The concept of the kingdom of God is too rich to be encompassed by something as simple as a definition. And the notion of radical forgiveness is impossible to explain in a few words, no matter how carefully chosen. Jesus grasped the benefit of telling a story about, say, a father’s reconciliation with his prodigal son and allowing the hearers to tease out the underlying meaning for themselves. Besides, if Jesus had given a philosophical lecture to the predominantly peasant community, they probably wouldn’t have understood him anyway.

Where a strictly worded definition can be somewhat shallow and actually close down a person’s thoughts, a story is endlessly deep and more likely to open one’s mind. Jesus’ stories carried meaning without having to be converted into a concept, and the power of his parables was that they always went against the expectations of the audience, as when the Samaritan, hailing from a hated ethnic group, was ultimately revealed as the good guy who cares for the stranger. “The deep places in our lives–places of resistance and embrace–are not ultimately reached by instruction,” wrote the Protestant theologian Walter Brueggemann. “Those places of resistance and embrace are reached only by stories, by images, metaphors and phrases that line out the world differently, apart from our fear and hurt.”

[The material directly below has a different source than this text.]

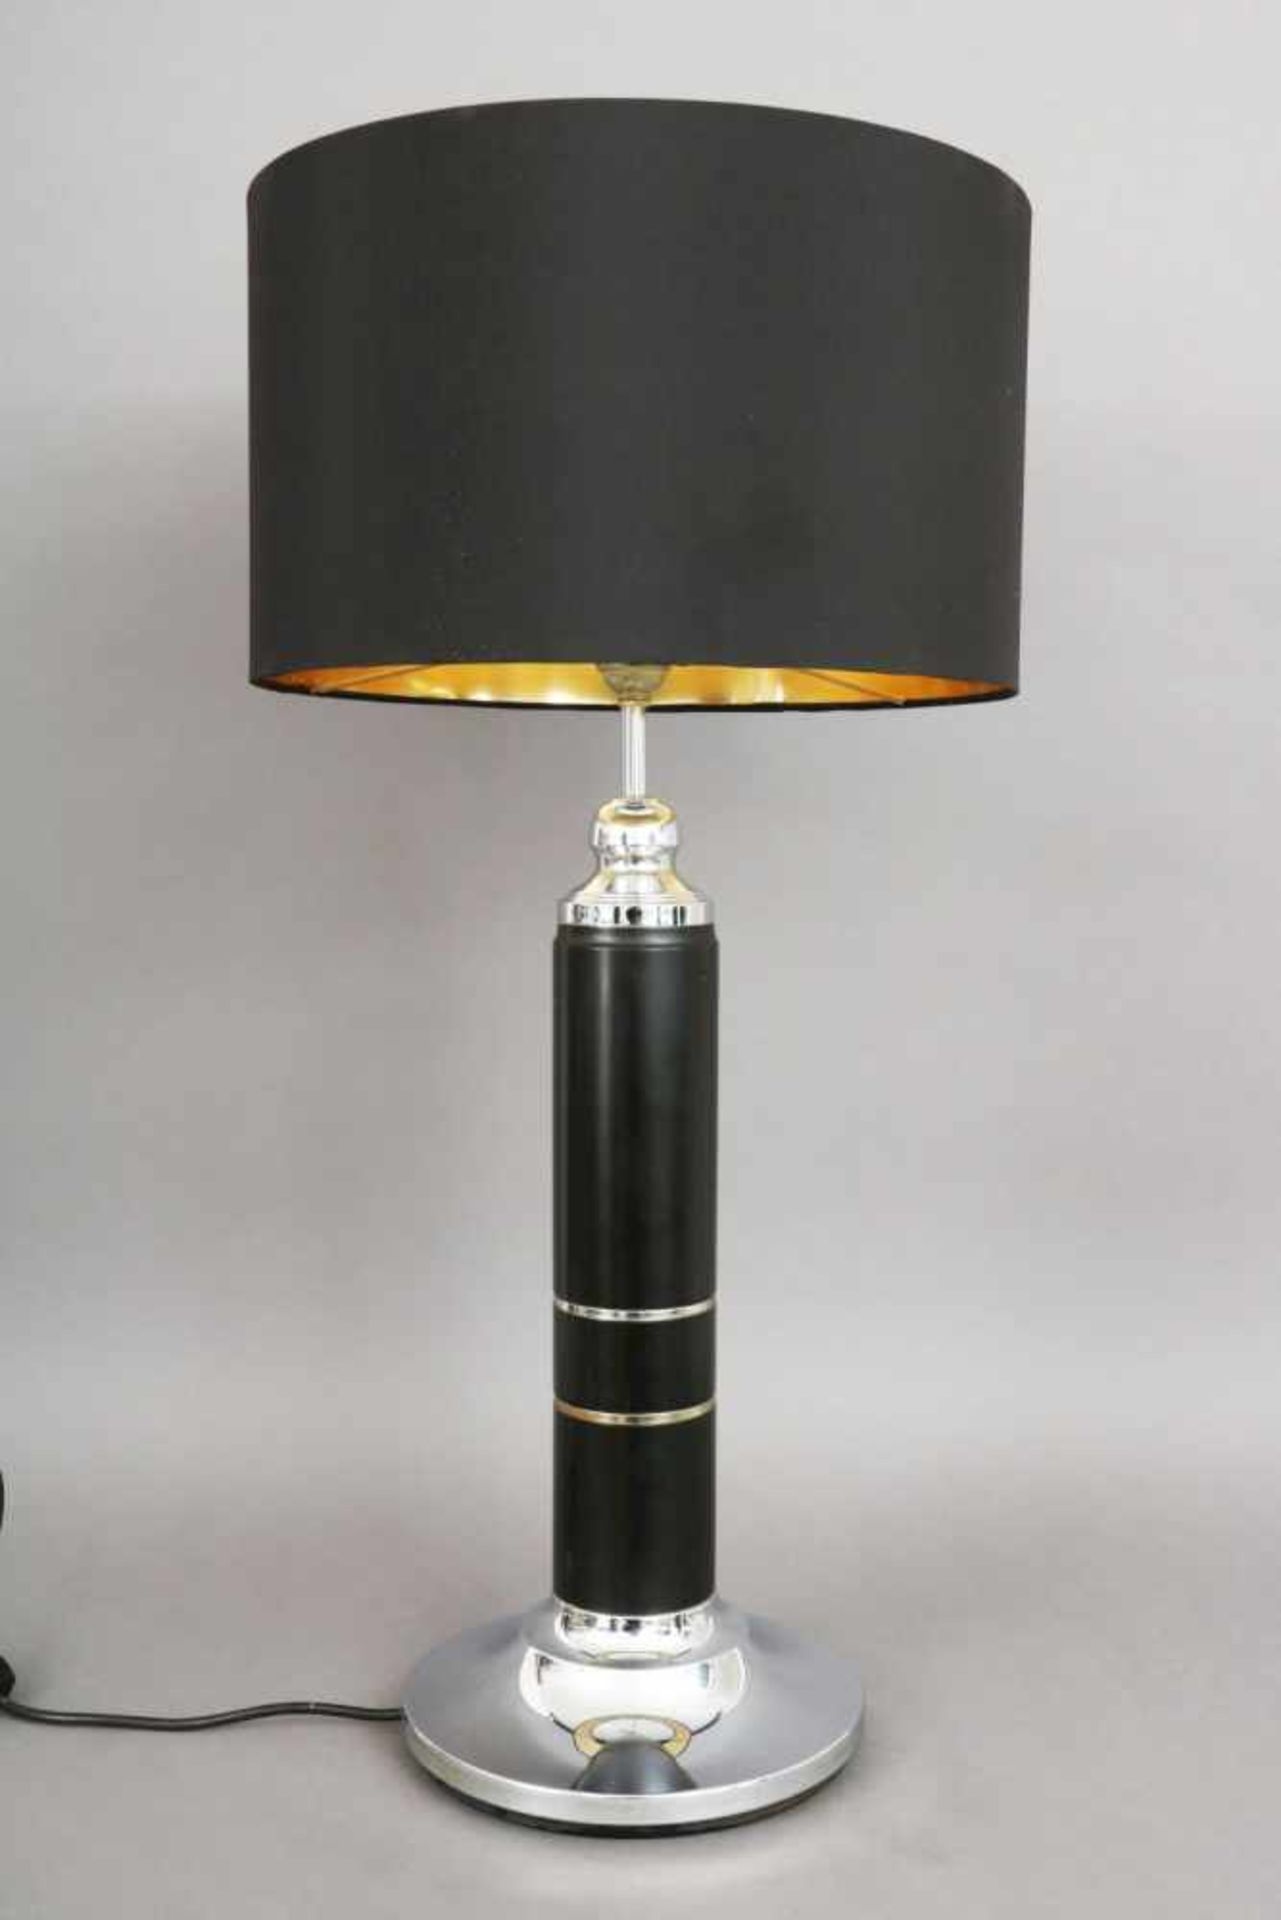 Tischlampe der 1980er Jahreverchromtes Metall und schwarzer Lederbeschlag, Säulenform, schwarzer - Bild 2 aus 3

That last paragraph explains a lot of Father Martin’s excitement about the play itself and the people he met while working with it. And it deeply resonated with me as I have been thinking so much about the power of story. I recommend this book for people who have an interest in theological stories and plays and for people who enjoy reading about the workings of theater productions. And I will reiterate my previous recommendation of My Life With the Saints, which is a book that has stayed with me since I posted about it almost exactly four years ago.